Github:quantumxiaol/NEU_NLP_AccelerateviaMoE:
Design and Implement of Model Inference Acceleration via Mixture-of-Experts
Sen Yang, Xiaolong Liu, Ye Ji, Aobo Guo
Abstract
By mixing experts, the one layer with wider dimensions in the original model is divided into several expert networks with smaller dimensions, which can effectively reduce the number of parameters and achieve the purpose of improving efficiency.
1 Introduction
Reasoning acceleration is an important means to improve model performance and efficiency, which can save time, save energy, reduce costs and enhance user experience.
There are many methods to accelerate model reasoning, such as model compression, model quantification, model pruning, model distillation and so on, but these methods usually sacrifice certain model accuracy or generalization ability.
The model reasoning acceleration method based on mixed experts is a novel method, which can increase the capacity of the model by several orders of magnitude while ensuring the operation speed, thus improving the expression ability and prediction ability of the model.
Transformer-based models revolutionize the field of natural language processing, and demonstrate excellent performance in various tasks such as machine translation, emotion analysis and information retrieval. [1] However, the traditional Transformer model often calculates all neurons at the same time, which leads to high computational cost. However, according to our observation of FFN in Transformer, we found a sparse activation phenomenon, that is, only a small number of neurons were activated for a single input. By mixing experts, the one layer with wider dimensions in the original model is divided into several expert networks with smaller dimensions, which can effectively reduce the number of parameters and achieve the purpose of improving efficiency.

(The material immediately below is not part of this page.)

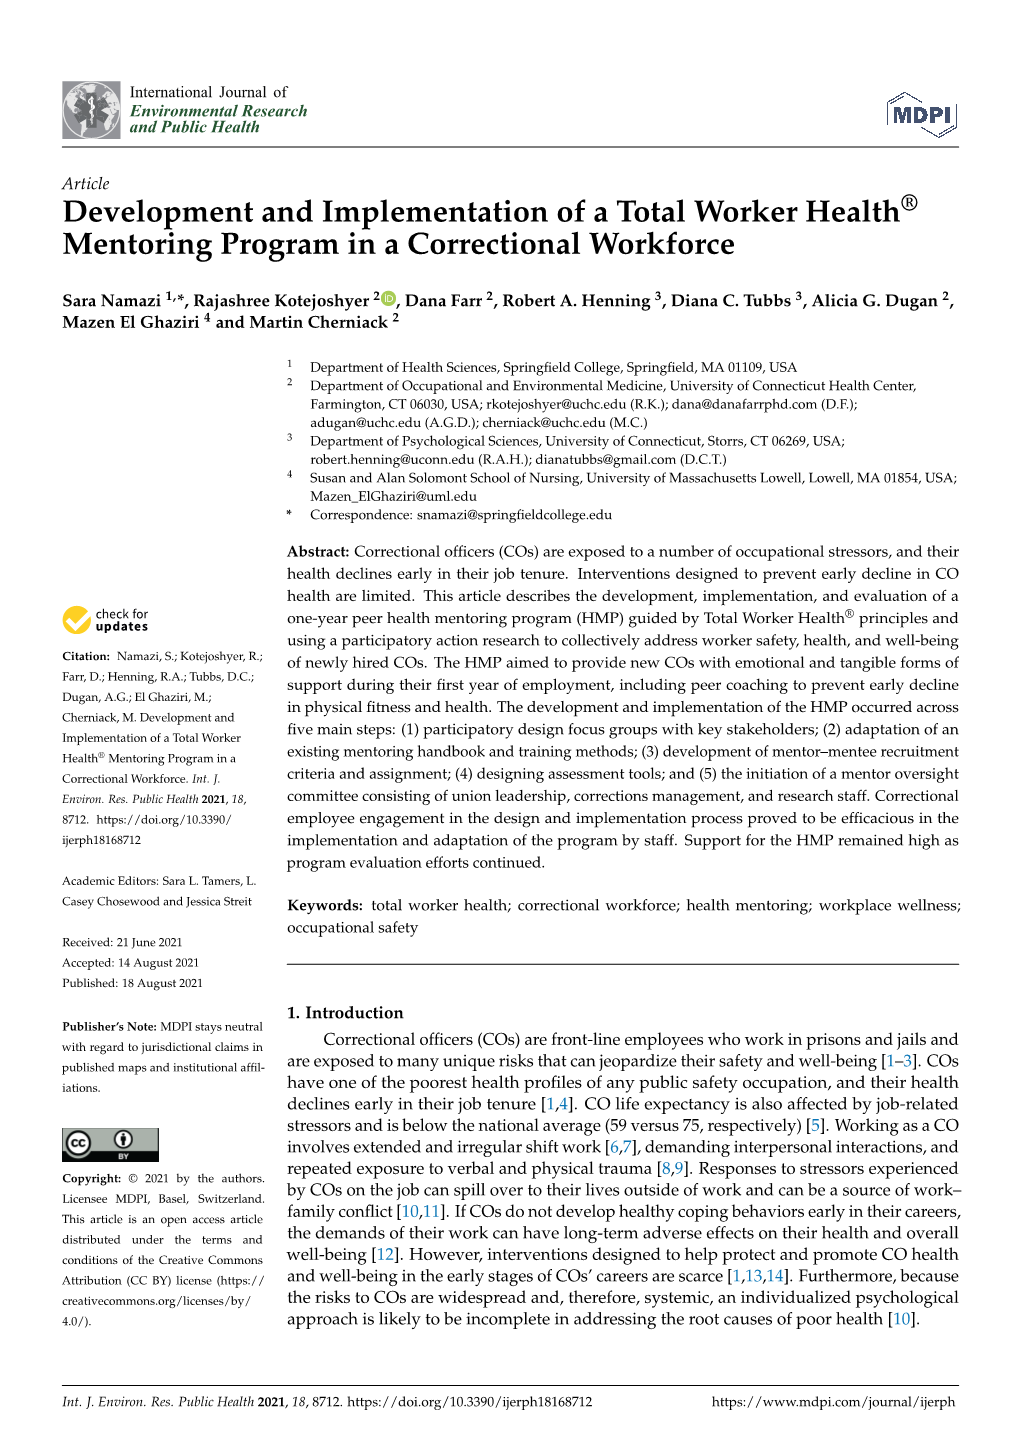 Development and Implementation of a Total Worker Health® Mentoring Program in a Correctional Workforce

The purpose of this project is to divide the feedforward network (FFN) layer into several experts, each of whom pays attention to a group of neurons that are often activated. We expect this “division of labor” to improve the computational efficiency and performance of our model.
We decided to explore a Transformer model trained on a German-to-English translation dataset, in which Encoder and Decoder have three levels. In the multi-head attention mechanism, the number of heads is set to 4. The dimensions of word embedding and position embedding of the model are both 256. The dimension of the full connection layer is four times that of the word embedding dimension.
Our division expert at the Decoder level. Our research results show that when only half of the experts are used in the decoder layer, the speed is increased by about 20% compared with the original model, and the accuracy loss is about 10%.
2 Approaches
The model reasoning acceleration method based on mixed experts was first proposed by Shazeer et al. in 2017. They called this method Sparsely-Gated Mixture-of-Experts Layer and applied it to language modeling tasks. [2]
They split a large-scale language model into several small-scale language models, and use a gating network to dynamically select which small-scale language models to activate. They solve the batch reduction problem by data parallelism and single-step splitting, and solve the equalization problem by adding noise and penalty term of loss function. They trained a language model with 13.7 billion parameters on the 1B word corpus and achieved 23.7% perplexity on the test set
After that, Lepikhin et al. further expanded this method in 2020. They called this method Switch Transformers and applied it to machine translation tasks. [3]
They split a large-scale Transformer model into several small-scale Transformer models, and use a gating network to dynamically select which small-scale Transformer models to activate. They use adaptive gating network and expert pooling techniques to improve the efficiency and flexibility of the model. They trained a machine translation model with 170 billion parameters on WMT ’14 English-German translation task, and achieved a BLEU score of 28.92 on the test set.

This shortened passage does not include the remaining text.